Besides, Harvard professors visiting the Executive Office Building
in DC are harder to disappear than comm-symp teachers in some
flyblown jungle village in Nicaragua. Somebody might notice. The
colonel would be annoyed.
Roger realizes that
Professor Gould is staring at him. “Do you have a question for me?”

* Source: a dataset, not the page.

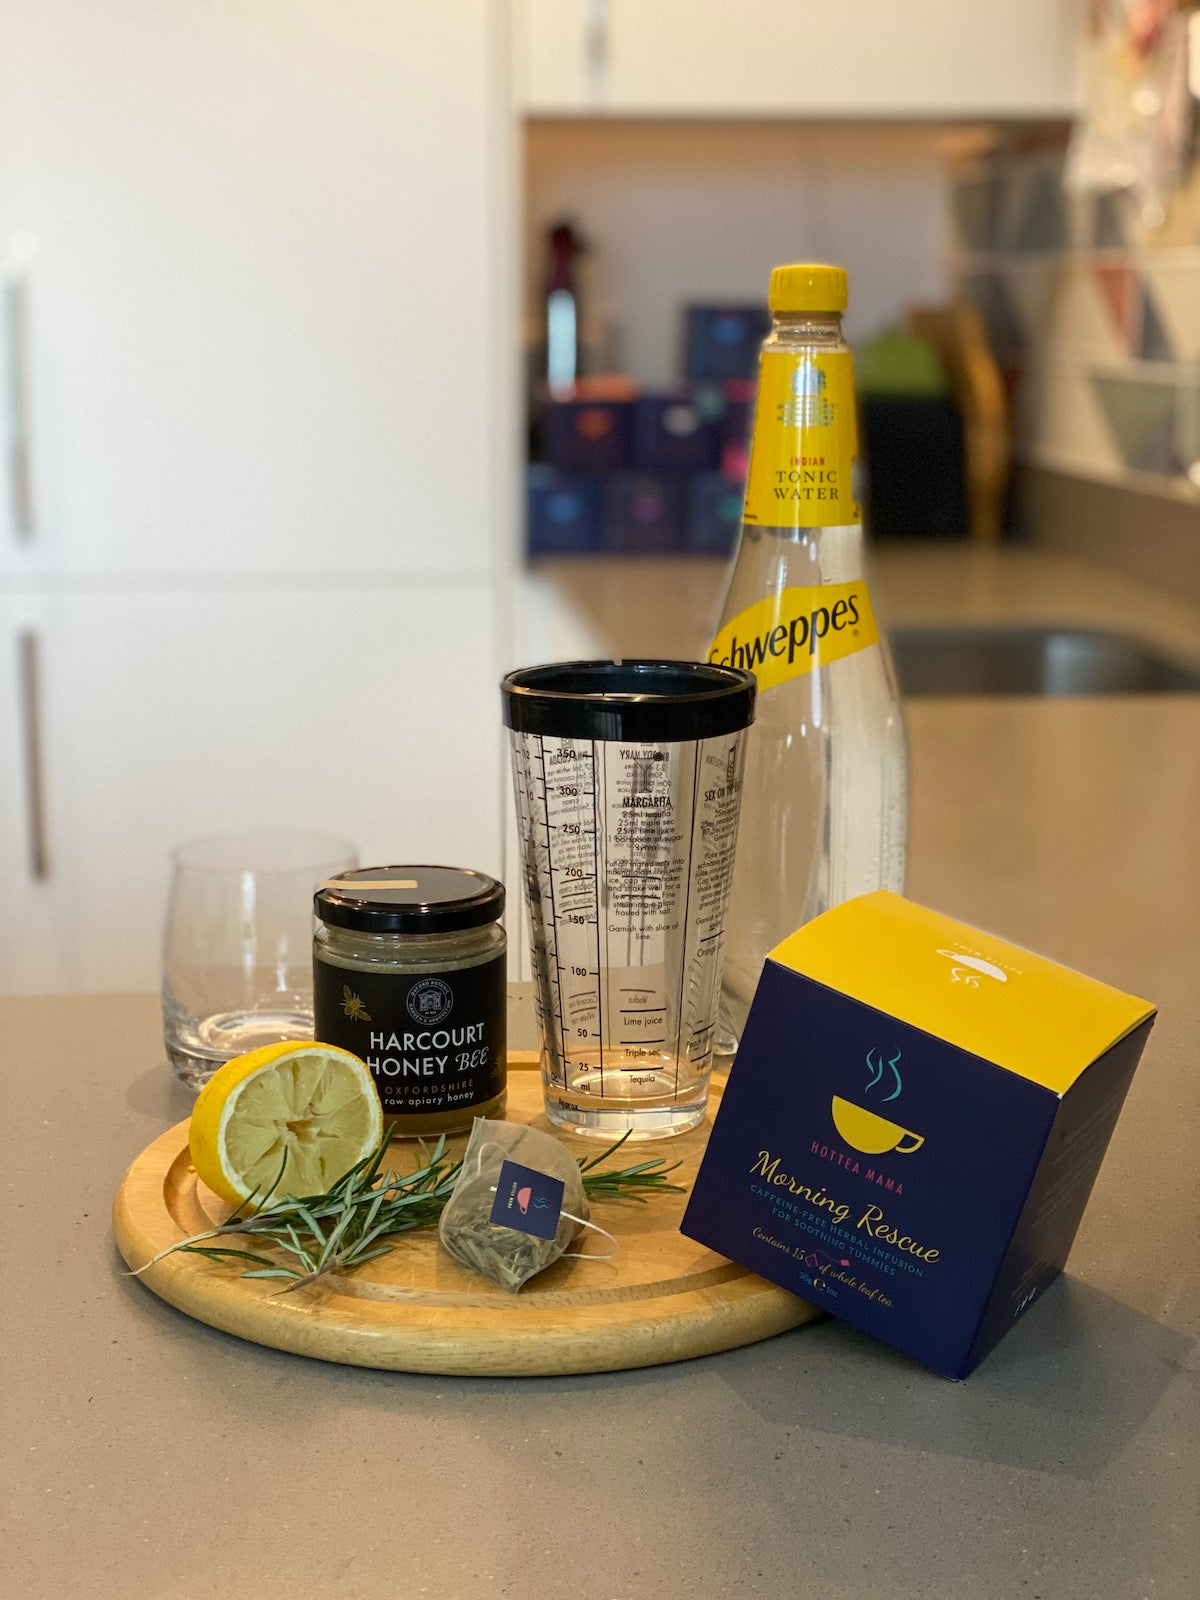 Ingredients for mocktail on kitchen side - tonic water, cocktail mixer, honey, lemon, Morning Rescue Tea

asks the distinguished paleontologist.
“Uh—in a moment.”
Roger shakes himself. Remembering timesurvivor curves, the captured
Nazi medical-atrocity records mapping the ability of a human brain
to survive in close proximity to the Baltic Singularity. Mengele’s
insanity. The SS’s final attempt to liquidate the survivors, the
witnesses. Koschei, primed and pointed at the American heartland
like a darkly evil gun. The “world-eating mind” adrift in brilliant
dreams of madness, estivating in the absence of its prey: dreaming
of the minds of sapient beings, be they barrel-bodied wing-flying
tentacular things, or their human
inheritors. “Do you think they could have been intelligent,
Professor? Conscious, like us?”
“I’d say so.” Gould’s
eyes glitter. “This one”—he points to a viewgraph—“isn’t alive as
we know it. And this one”—he’s found a
Predecessor, God help him, barrel-bodied and bat-winged—“had what
looks like a lot of very complex ganglia, not a brain as we know
it, but at least as massive as our own. And some specialized
grasping adaptations that might be interpreted as facilitating tool
use. Put the two together, and you have a high-level technological
civilization. Gateways between planets orbiting different stars.
Alien flora, fauna, or whatever. I’d say an interstellar
civilization isn’t out of the picture. One that has been extinct
for deep geological time—ten times as long as the dinosaurs—but
that has left relics that work.” His voice is trembling with
emotion. “We humans, we’ve barely scratched the surface! The
longest lasting of our relics? All our buildings will be dust in
twenty thousand years, even the pyramids. Neil Armstrong’s
footprints in the Sea of Tranquility will crumble under micromete
oroid bombardment in a mere half million years or so. The emptied
oil fields will refill over ten million years, methane percolating
up through the mantle: continental drift will erase everything. But
these people . . . ! They built to
last. There’s so much to learn from them. I wonder if we’re worthy
pretenders to their technological crown?”
“I’m sure we are,
Professor,” the colonel’s secretary says brassily. “Isn’t that
right, Ollie?”
The colonel nods,
grinning. “You betcha, Fawn. You betcha!”